Torre de marfil
Reflexionando
sobre la comida
¿Se come hoy mejor que antes?
Hoy en día, cualquier persona de clase media puede desayunar –por poner un ejemplo entre muchos posibles– tostadas de pan integral con mermelada artesanal, una omelette con espinacas y jamón serrano, yogur orgánico, arándanos y quinua, un vaso de jugo de naranja recién exprimido y un cappuccino con el mejor café y leche sin grasa y libre de lactosa. Pero, ¿podían Alejandro el Magno, Julio César, Carlos V, Napoleón Bonaparte o la Reina Victoria de Inglaterra desayunar así? Pues, ¡claro que no!
¿Se come hoy peor que antes?
Muchas veces sí.
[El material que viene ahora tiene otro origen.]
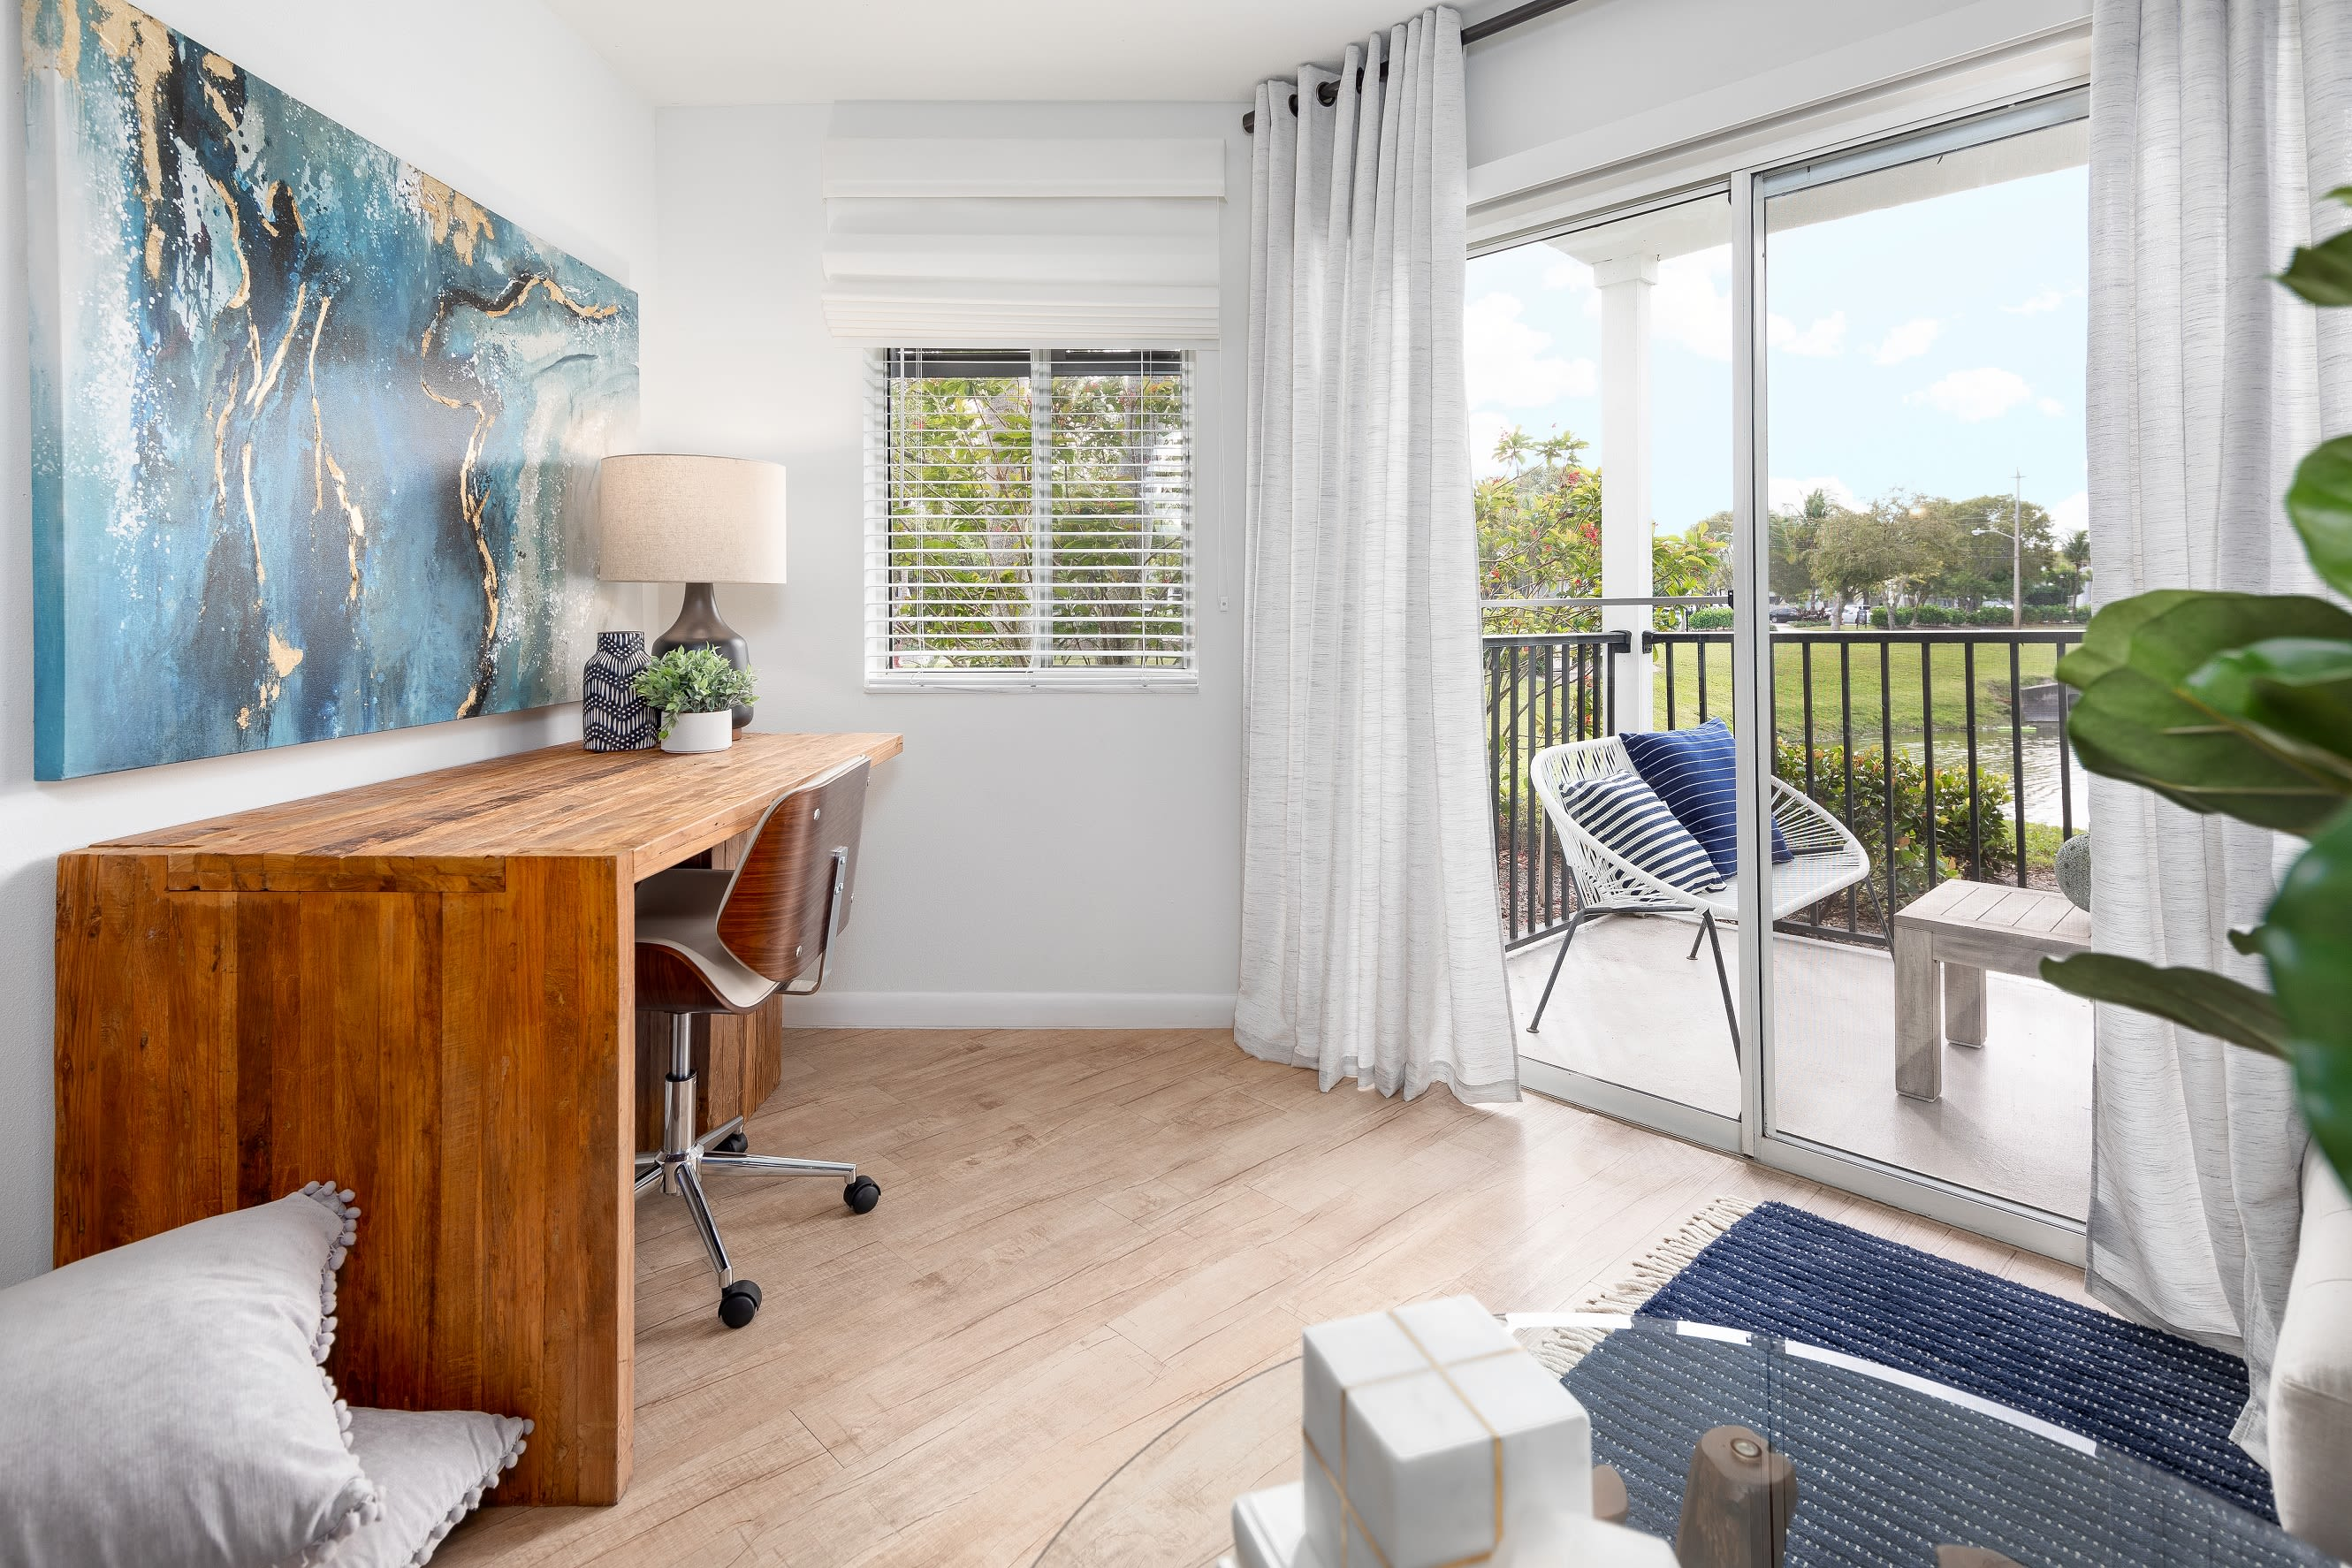 Office room with porch access at Cielo Boca in Boca Raton, Florida
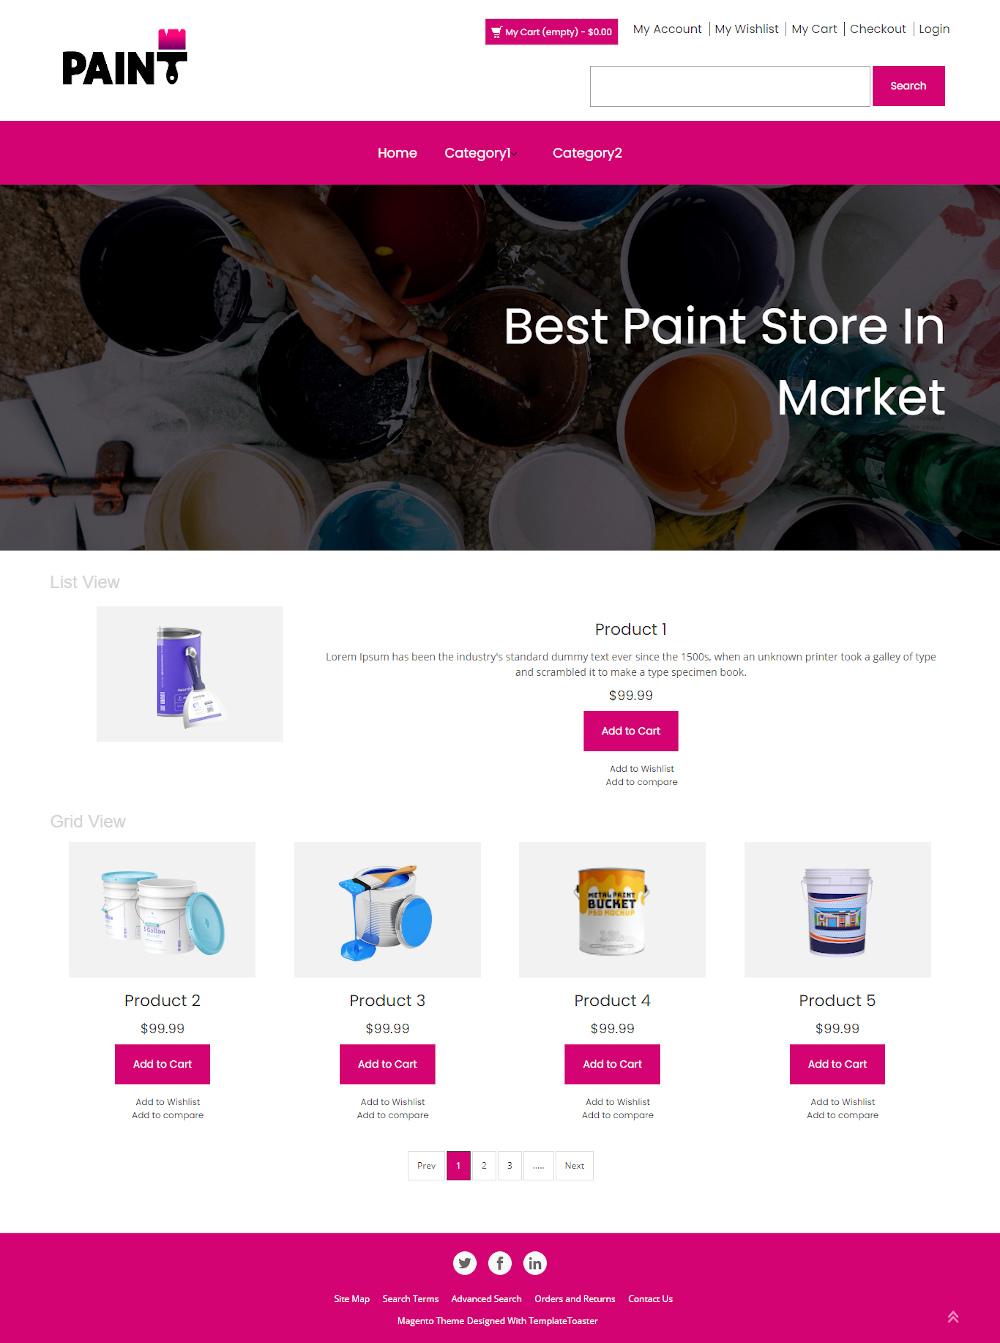 Paint - Online Paint Store Magento Theme

Y es lamentable porque nunca ha habido más y mejor comida a disposición de la mayoría de la población. ¿Cuántos niños y jóvenes viven a base de pizzas repletas de grasas de la peor calidad, hamburguesas de “carnes” de procedencia desconocida y refrescos que solo contienen sirope de maíz y colorantes?
¿La medicalización de la comida es algo nuevo?
Para nada. El fantasma del colesterol, el terror al sobrepeso y el conteo obsesivo de calorías son bastante nuevos, pero ya Platón, en el Gorgias contrapone y hace chocar de frente la medicina con la gastronomía. Denomina a la medicina “terapia del cuerpo” y a la gastronomía “adulación y engaño”. Ya casi ni se mencionan los 4 elementos de Galeno y sus 4 temperamentos derivados, que hemos sustituido por el culto a los aminoácidos esenciales, los minerales raros y lo orgánico. Es, y por lo visto será, la eterna guerra entre lo sano y lo sabroso.
¿La influencia de la comida del Nuevo Mundo?
Antes del descubrimiento de América la comida era algo aburrido, soso, de olores y sabores mejorados a fuerza de carísimas especias que no estaban al alcance de casi nadie. El descubrimiento fue toda una revolución: el maíz, la papa, el tomate, los picantes, el chocolate y, para rematar, el tabaco. ¿Podemos concebir la buena comida española sin el gazpacho andaluz, la gastronomía italiana sin salsa boloñesa, a los suizos sin los bombones, a los húngaros sin gulasch o a un irlandés sin papas fritas? Ni pensarlo.
¿Tiene que ver la religión con la comida?
Sí, y mucho. Los Estados Unidos fueron fundados por colonos puritanos y sin esa impronta no se entienden la falta de una gastronomía de verdad autóctona, ni aberraciones como la Ley Seca. Los católicos, por el contrario, siempre fueron mucho más permisivos con la glotonería. El glotón de los católicos no va al infierno; peca, pero venialmente. Y no olvidemos que Jesús se despidió de sus apóstoles con una cena. Y ni hablemos de las prohibiciones de los judíos y musulmanes.
¿Es la comida una forma de competencia?
Por supuesto. Los reyes, príncipes y nobles comían en sus castillos. Los pobres en sus fogones de leña (si la tenían). El burgués inventó el restaurante, justo después de la Revolución Francesa, para competir con la nobleza en decadencia. Esa ostentación, aunque limada por los apuros de la vida moderna, pervive. Visite uno de esos restaurantes de muchas estrellas con comidas raquíticas, raras, a veces mediocres y con precios estratosféricos y ya me dirá.
¿Y cómo le va a la comida étnica?
Bien… y mal. Bien porque hoy tenemos a nuestra disposición, gracias entre otras cosas a la globalización, la mejor comida tailandesa en Miami, un sushi exquisito en Bombay, una buena paella en Nueva York o un arroz mamposteado boricua en Buenos Aires. Mal, porque lo étnico ha dejado de ser realmente étnico y se ha adaptado, por necesidades económicas y de mercadeo, al medio en el que mejor se cotiza. ¿Por qué si no el mejor restaurante japonés se encuentra en Nueva York y la mejor comida peruana se ha vuelto casi impagable en Lima?
Son temas para reflexionar cuando no se tiene hambre. Pero no me haga mucho caso, y disfrute su comida. Que le aproveche.